Highest Common Factor of 447, 779, 805 using Euclid's algorithm
Created By : Jatin Gogia
Reviewed By : Rajasekhar Valipishetty
Last Updated : Apr 06, 2023
HCF Calculator using the Euclid Division Algorithm helps you to find the Highest common factor (HCF) easily for 447, 779, 805 i.e. 1 the largest integer that leaves a remainder zero for all numbers.
HCF of 447, 779, 805 is 1 the largest number which exactly divides all the numbers i.e. where the remainder is zero. Let us get into the working of this example.

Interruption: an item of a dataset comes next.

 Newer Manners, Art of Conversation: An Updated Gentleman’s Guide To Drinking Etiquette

Consider we have numbers 447, 779, 805 and we need to find the HCF of these numbers. To do so, we need to choose the largest integer first and then as per Euclid's Division Lemma a = bq + r where 0 ≤ r ≤ b
Highest common factor (HCF) of 447, 779, 805 is 1.
HCF(447, 779, 805) = 1
HCF of 447, 779, 805 using Euclid's algorithm
Highest common factor or Highest common divisor (hcd) can be calculated by Euclid's algotithm.

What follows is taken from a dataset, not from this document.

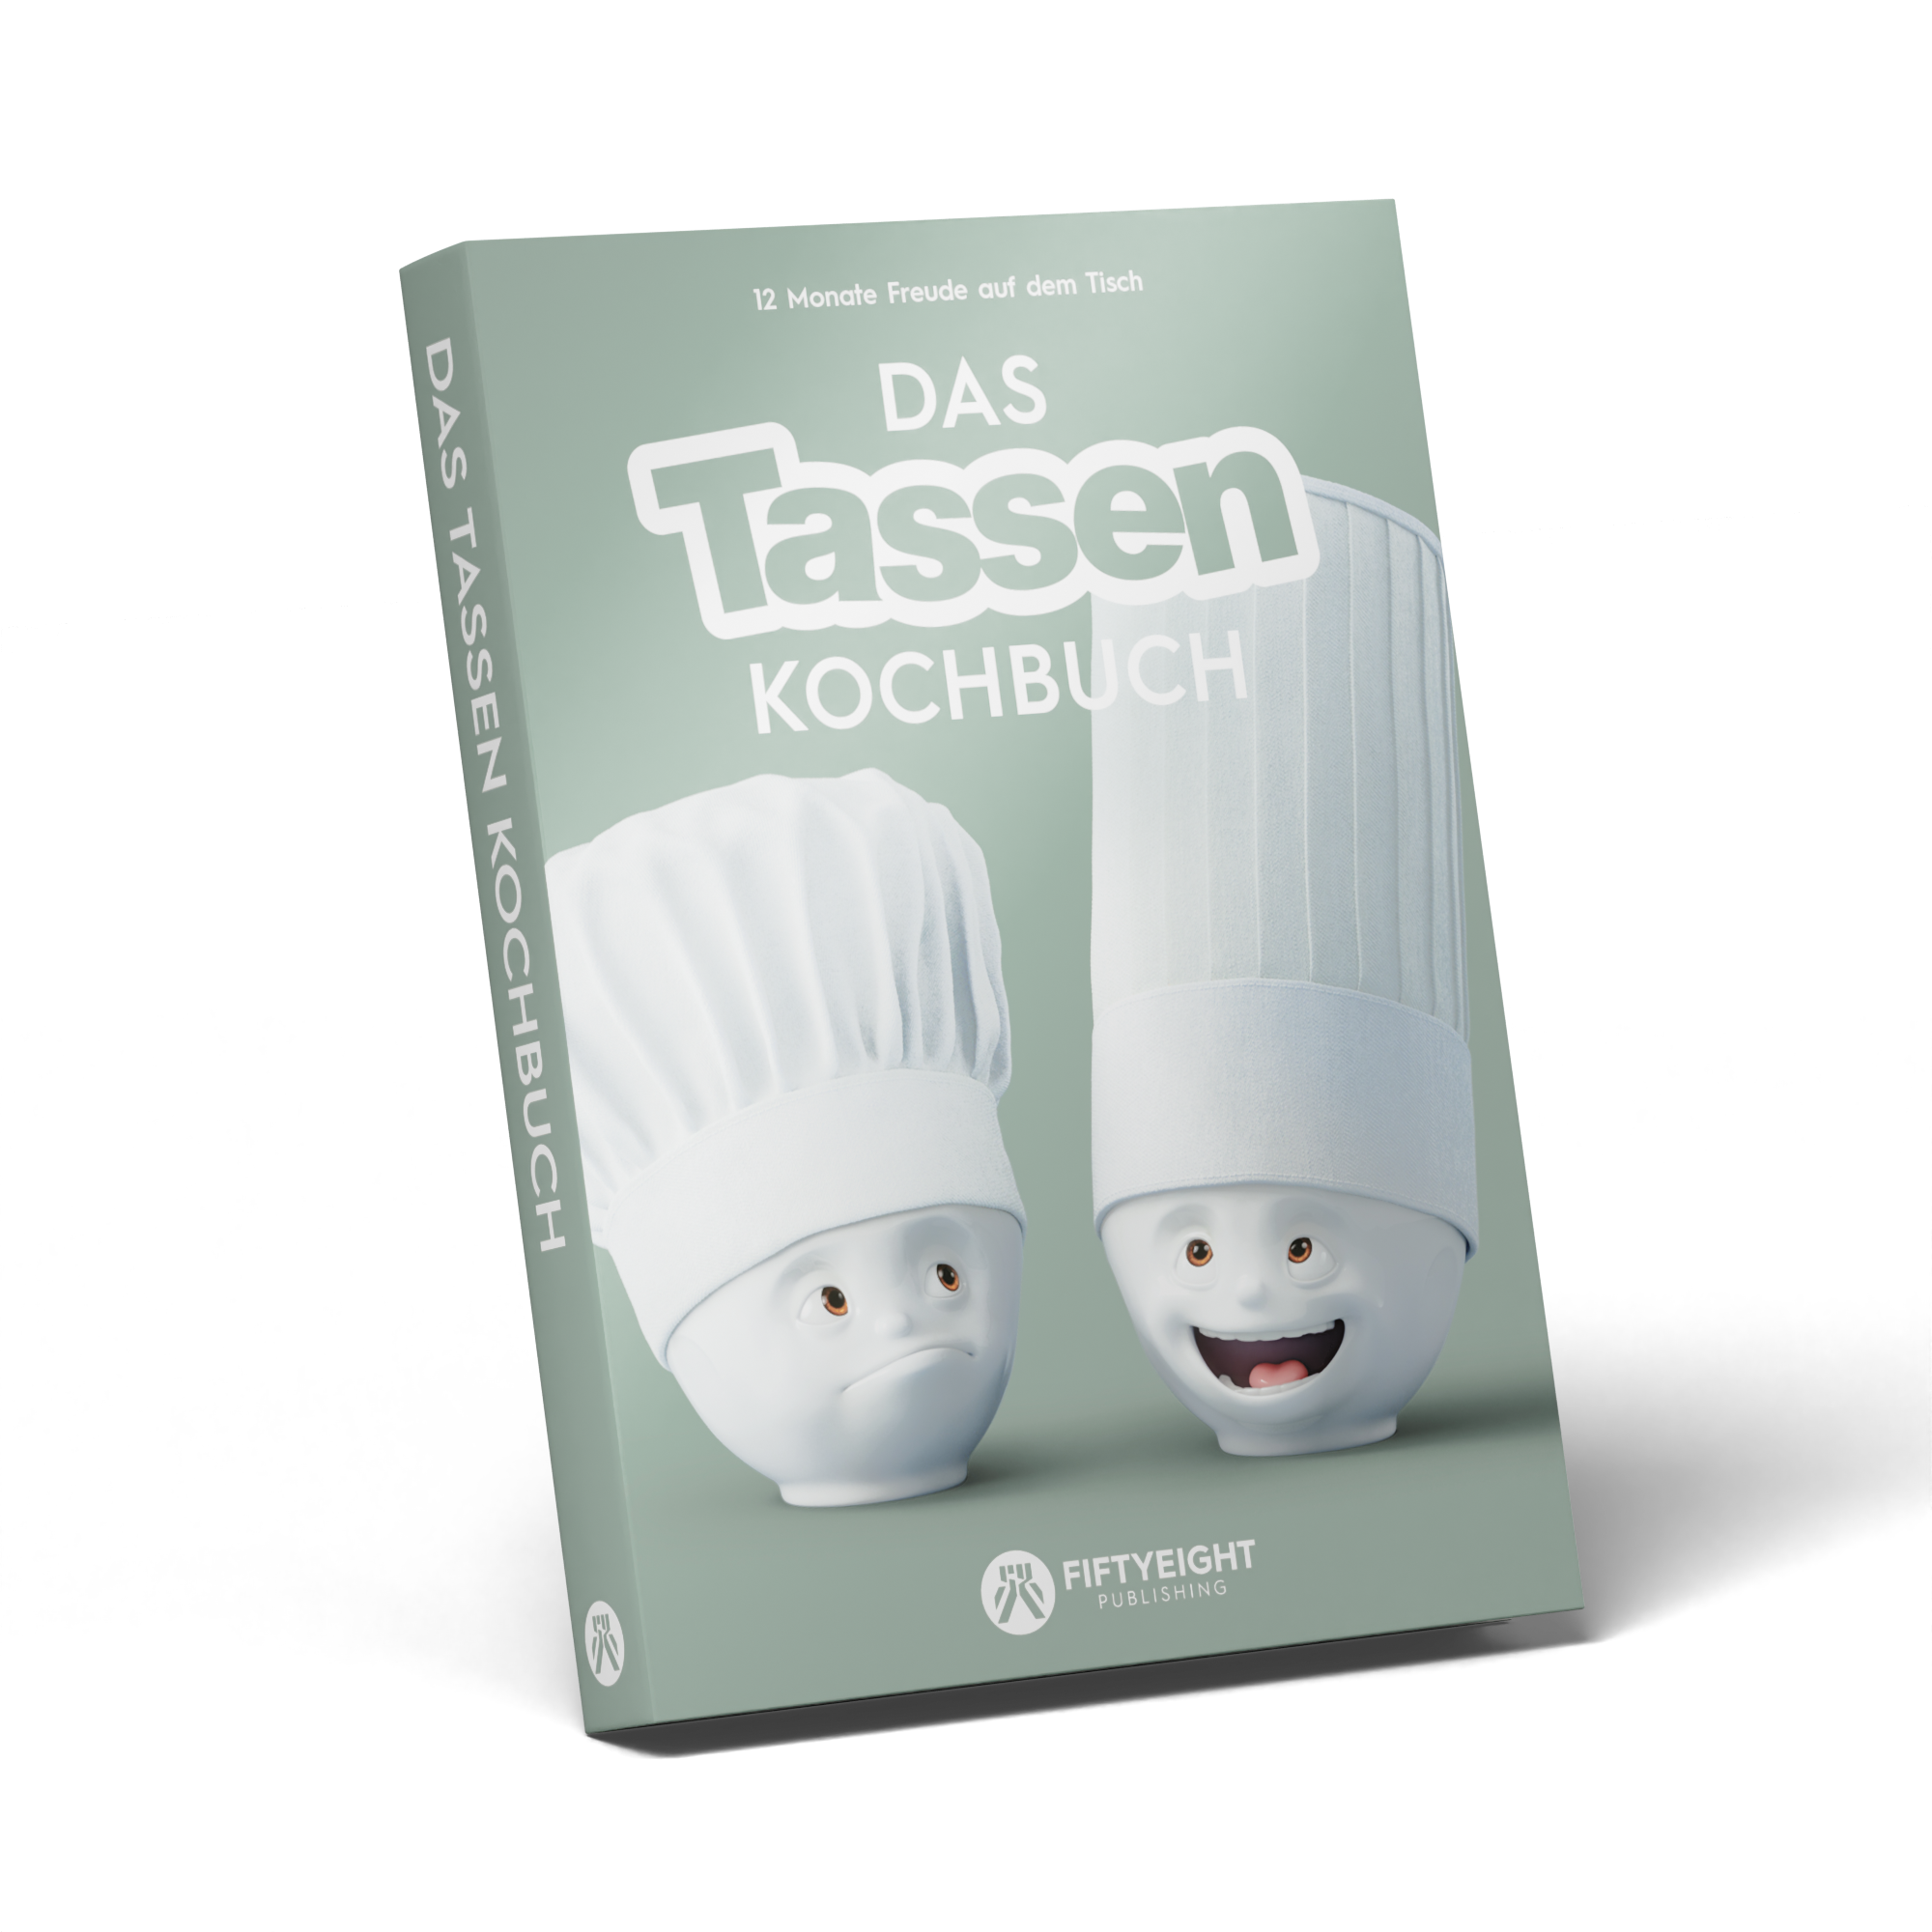 Das TASSEN Kochbuch - TV Tassen

Highest common factor (HCF) of 447, 779, 805 is 1.
Highest Common Factor of 447,779,805 is 1
Step 1: Since 779 > 447, we apply the division lemma to 779 and 447, to get
779 = 447 x 1 + 332
Step 2: Since the reminder 447 ≠ 0, we apply division lemma to 332 and 447, to get
447 = 332 x 1 + 115
Step 3: We consider the new divisor 332 and the new remainder 115, and apply the division lemma to get
332 = 115 x 2 + 102
We consider the new divisor 115 and the new remainder 102,and apply the division lemma to get
115 = 102 x 1 + 13
We consider the new divisor 102 and the new remainder 13,and apply the division lemma to get
102 = 13 x 7 + 11
We consider the new divisor 13 and the new remainder 11,and apply the division lemma to get
13 = 11 x 1 + 2
We consider the new divisor 11 and the new remainder 2,and apply the division lemma to get
11 = 2 x 5 + 1
We consider the new divisor 2 and the new remainder 1,and apply the division lemma to get
2 = 1 x 2 + 0
The remainder has now become zero, so our procedure stops. Since the divisor at this stage is 1, the HCF of 447 and 779 is 1
Notice that 1 = HCF(2,1) = HCF(11,2) = HCF(13,11) = HCF(102,13) = HCF(115,102) = HCF(332,115) = HCF(447,332) = HCF(779,447) .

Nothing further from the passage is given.